| Task statement |
Return the whole listing exactly, omitting the pictures.

| Data |

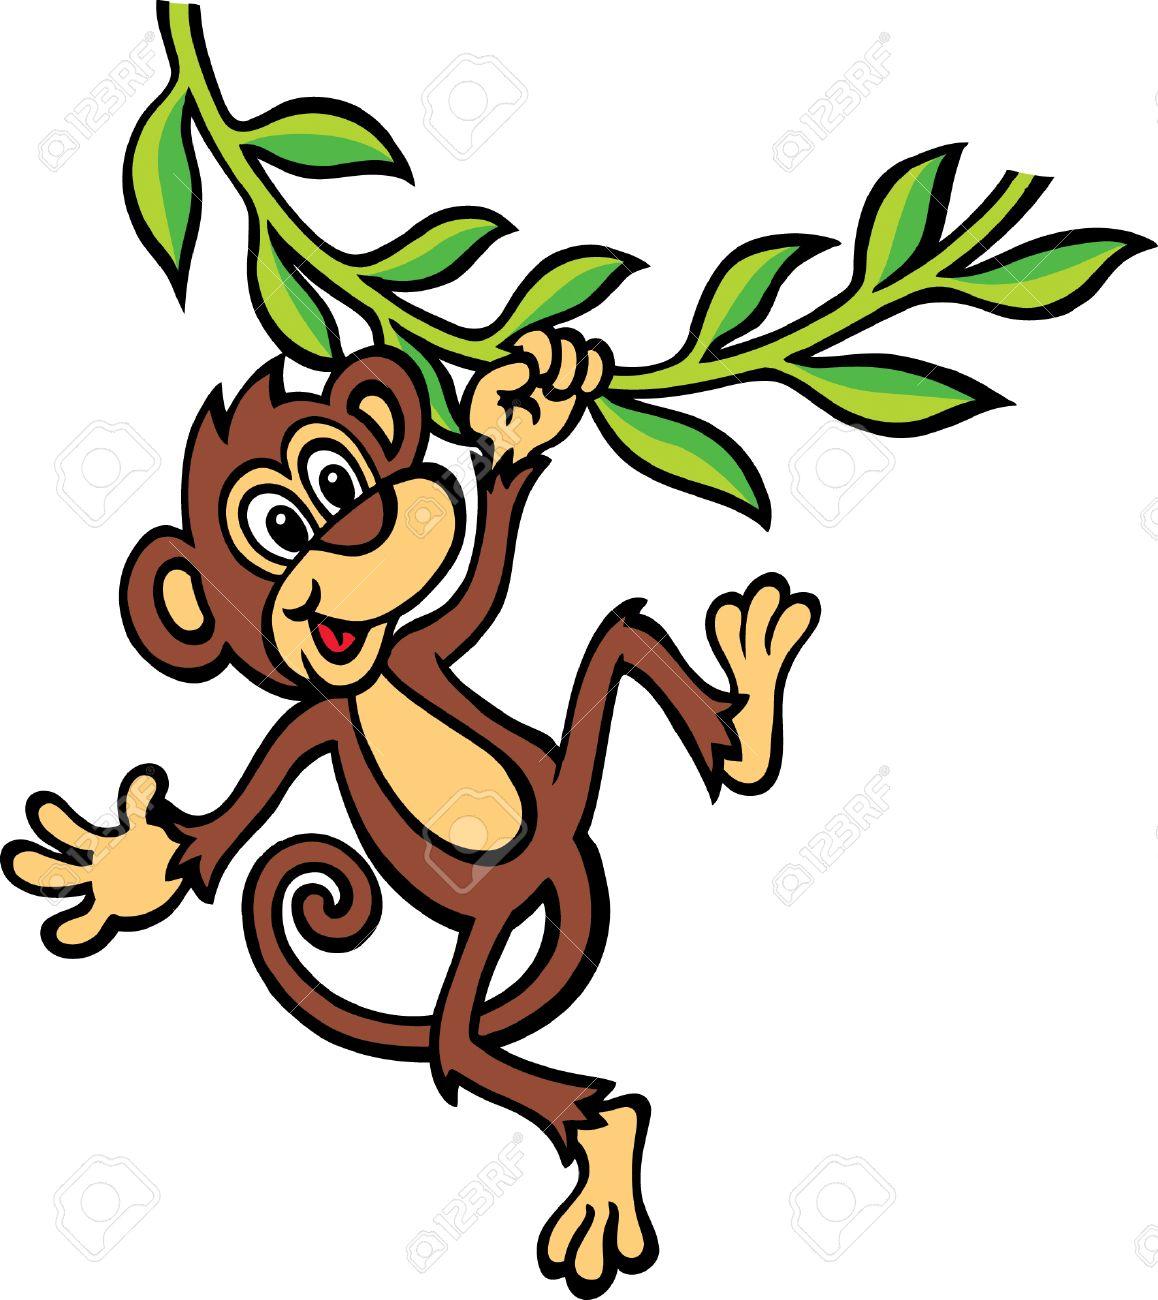 Monkey shirt spank t
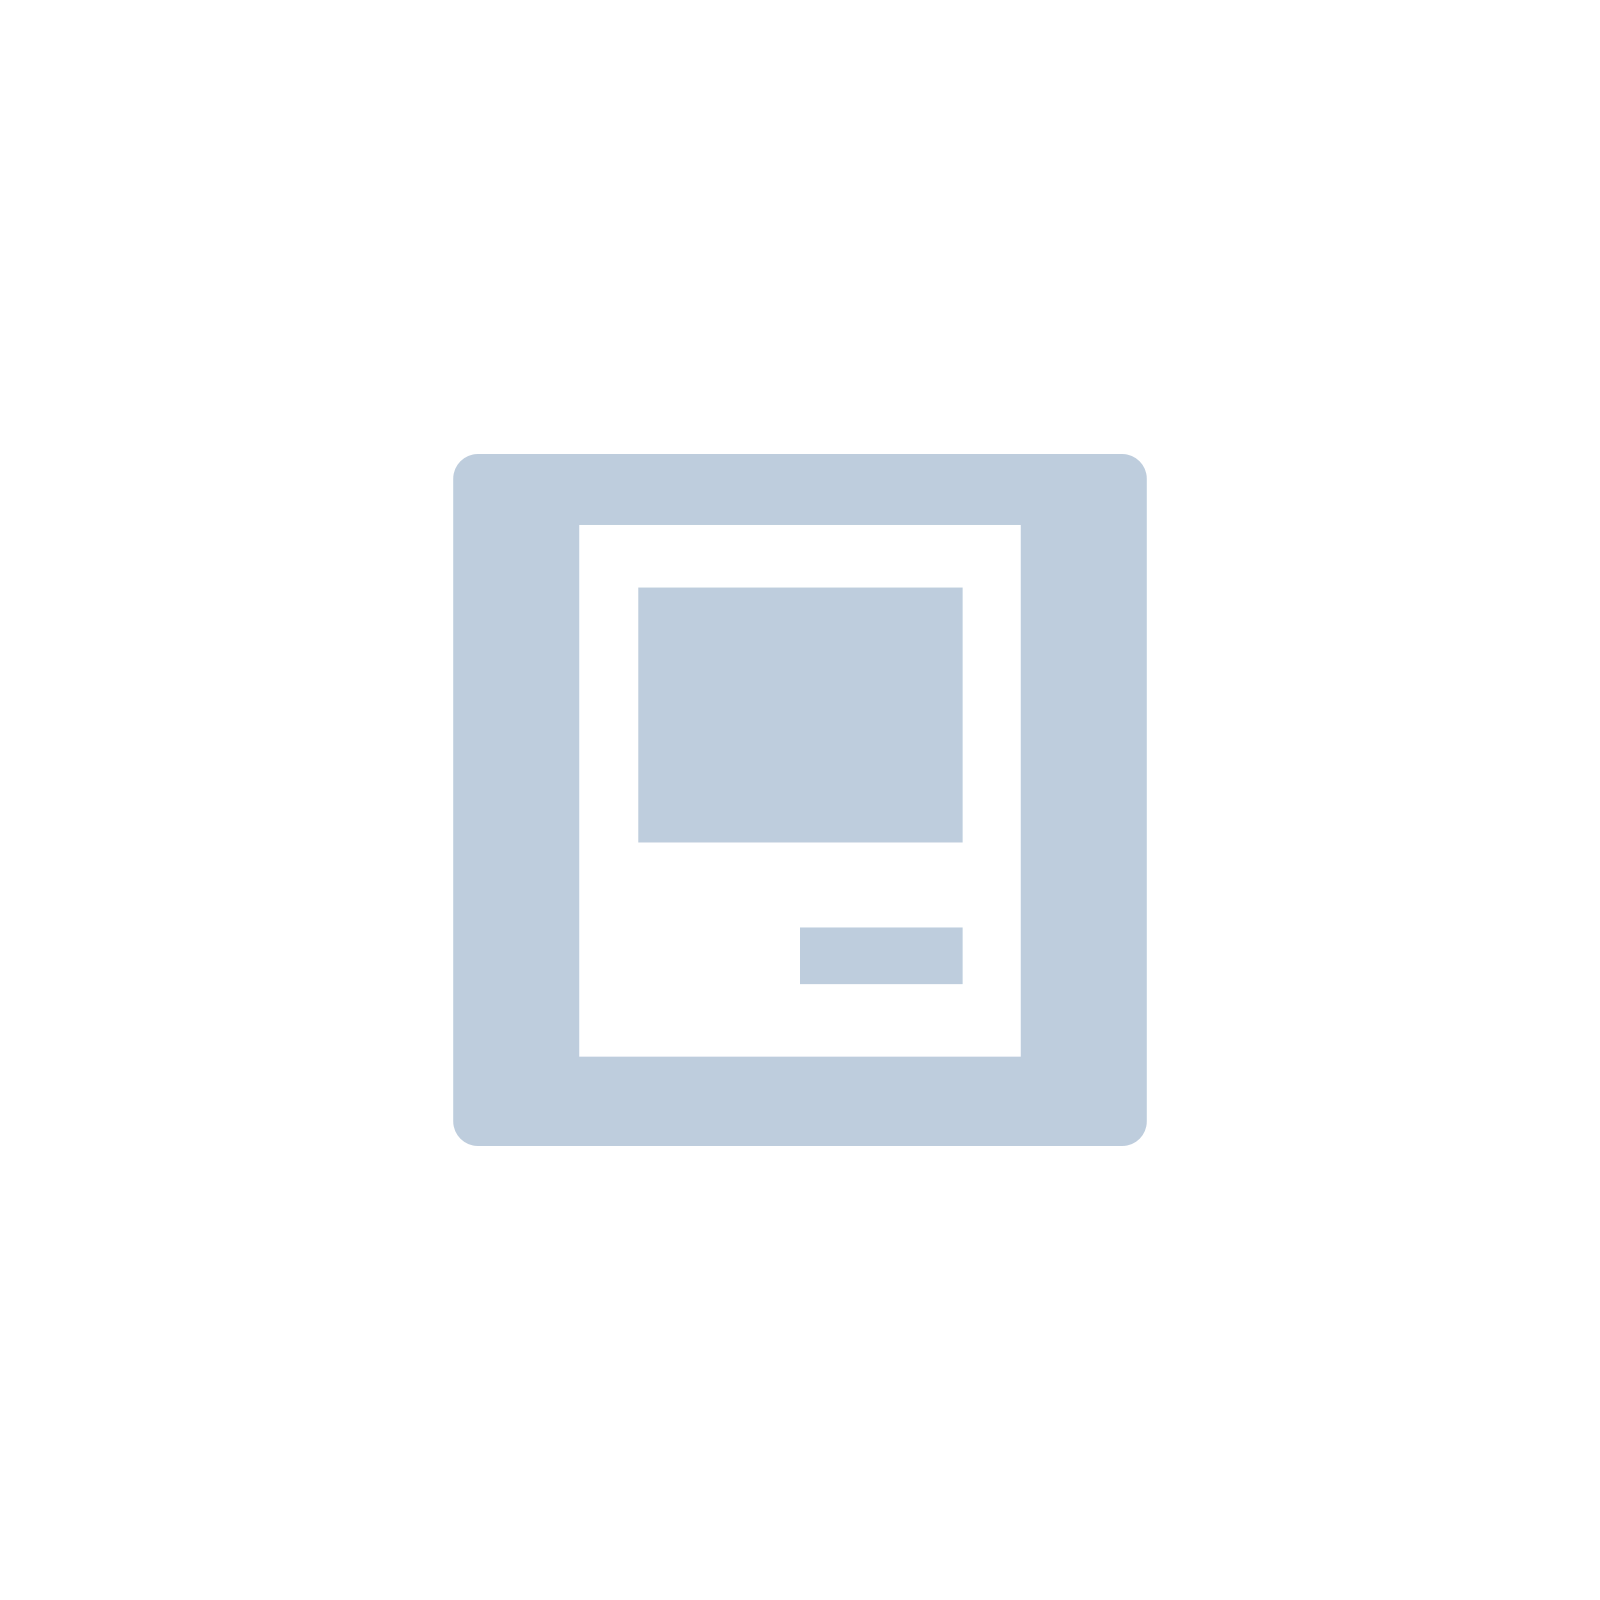 Mac mini Core 2 Duo 2.66 GHz (Macmini4,1, 500GB, 4GB)
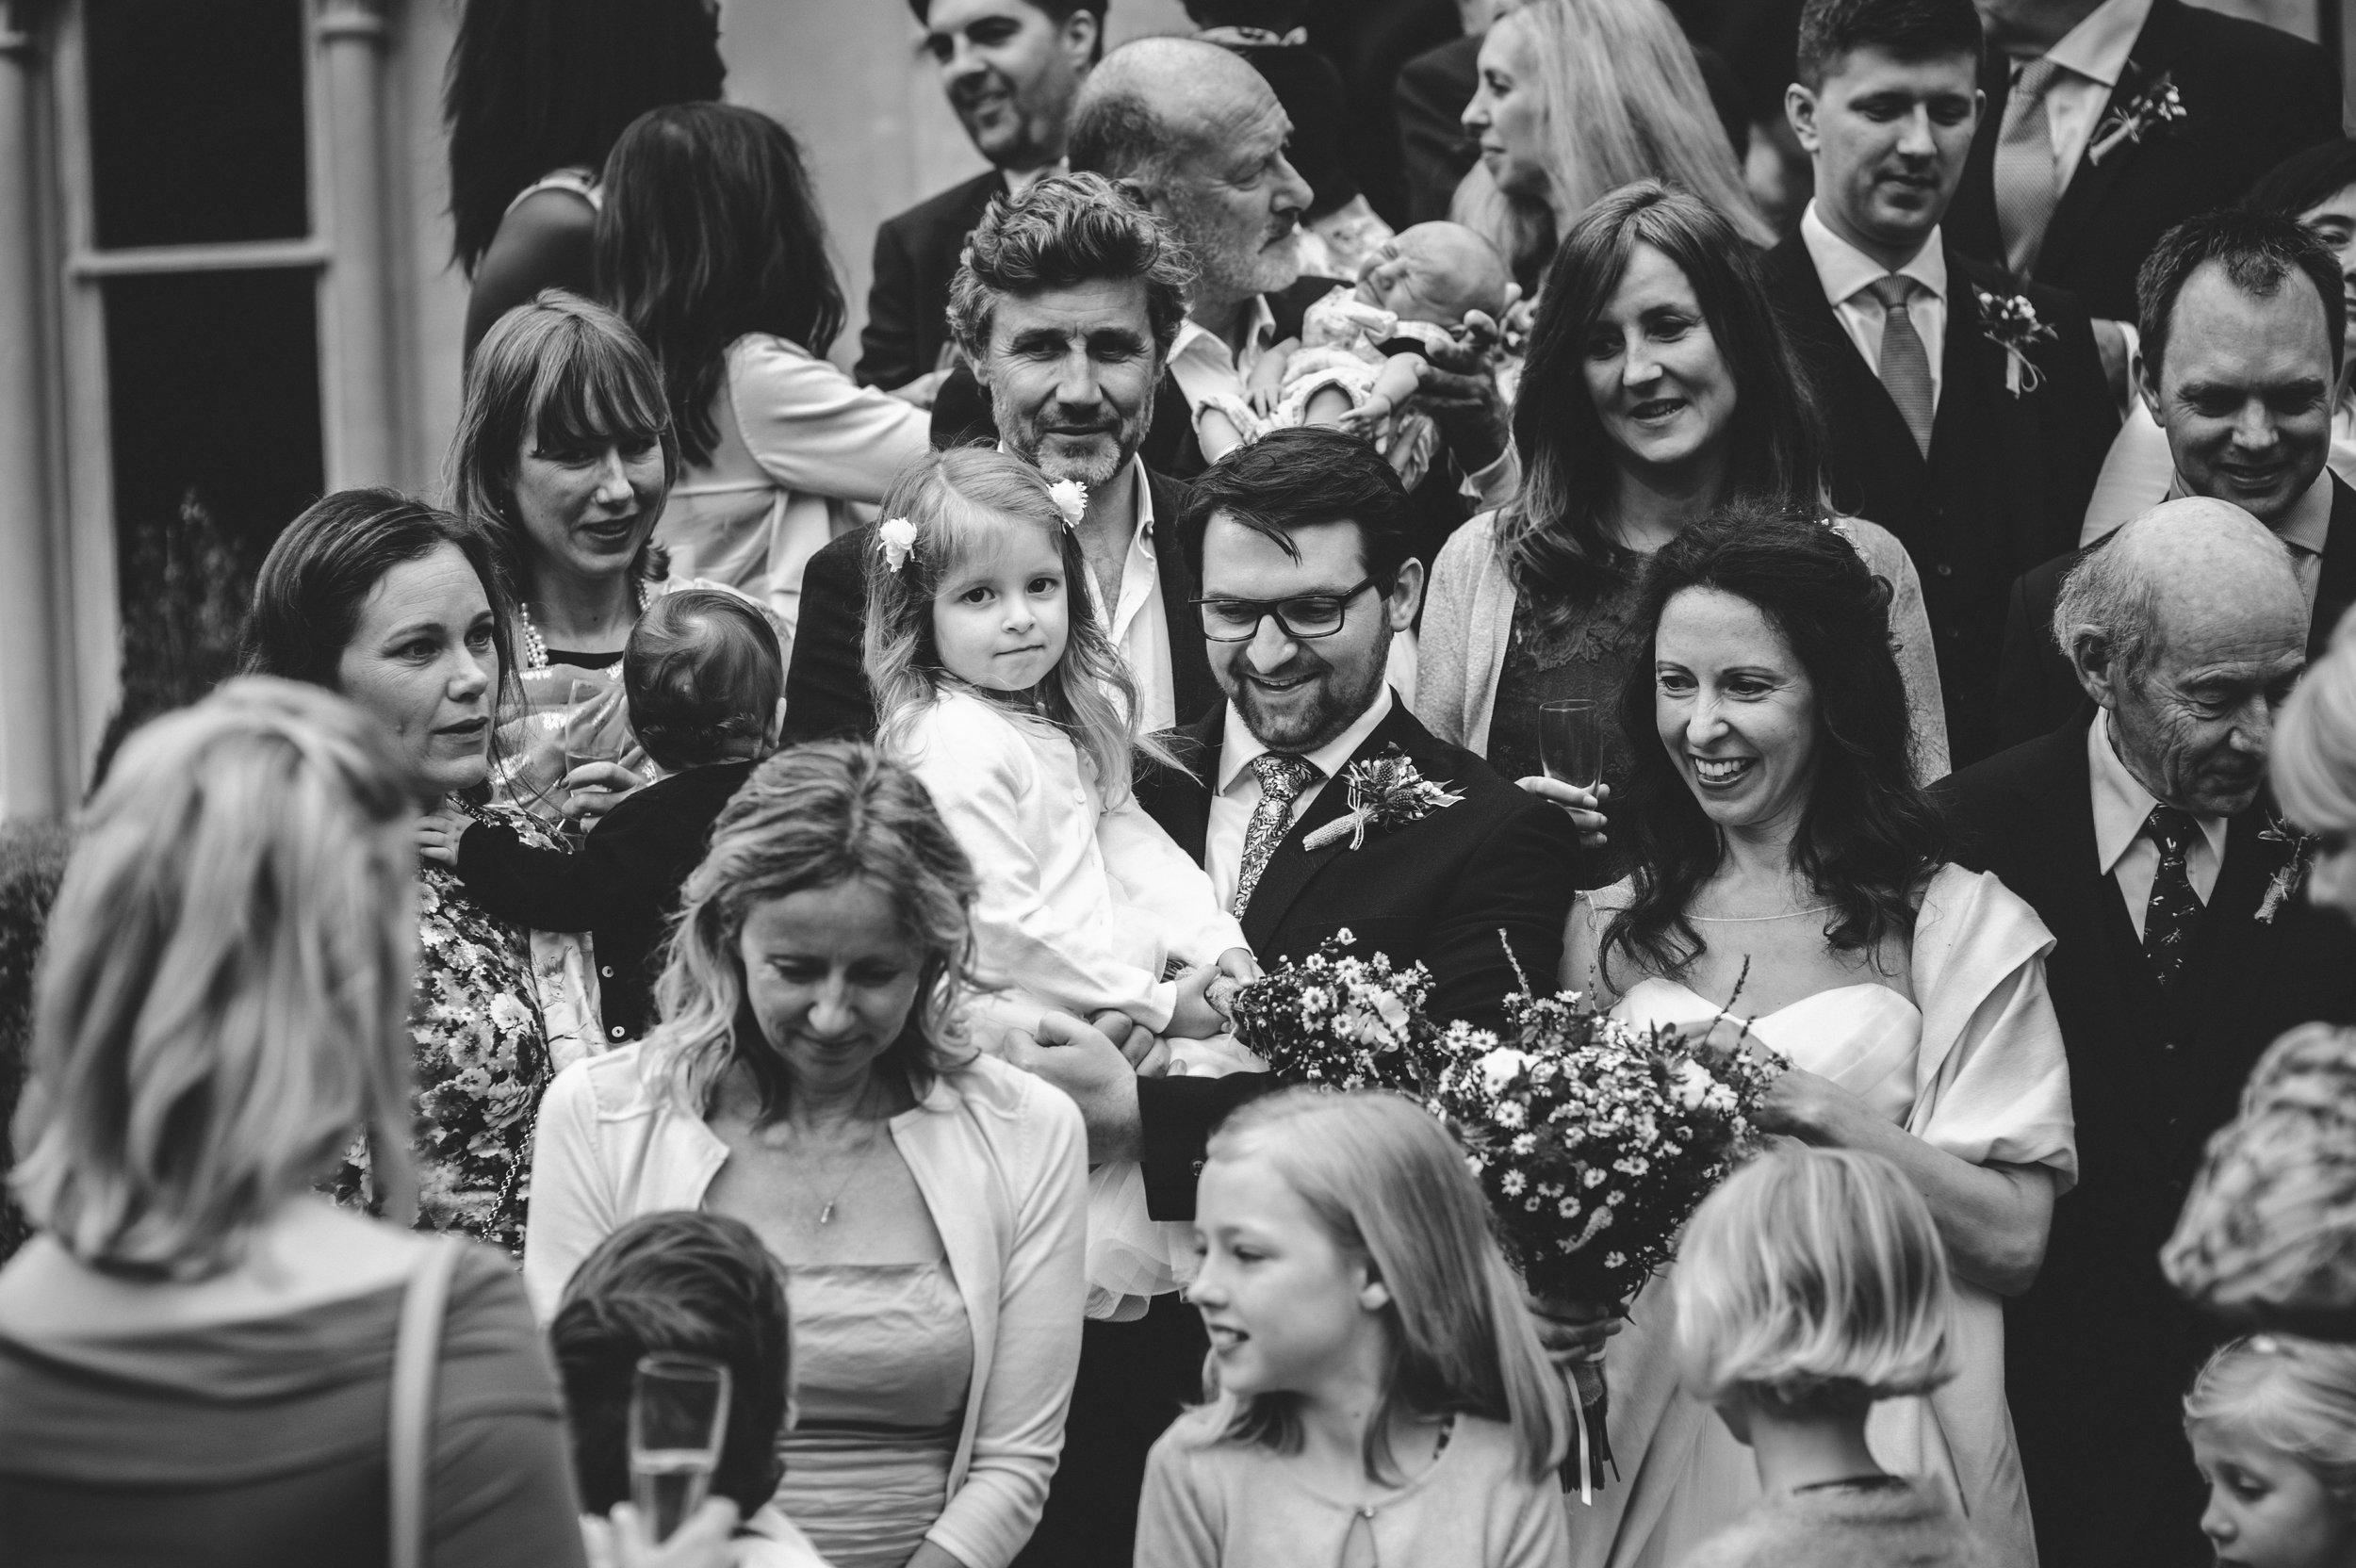 Beechfield house weddings - Abby and Greg (164 of 208).jpg

| Result of the task |
 Monkey shirt spank t
 Mac mini Core 2 Duo 2.66 GHz (Macmini4,1, 500GB, 4GB)
 Beechfield house weddings - Abby and Greg (164 of 208).jpg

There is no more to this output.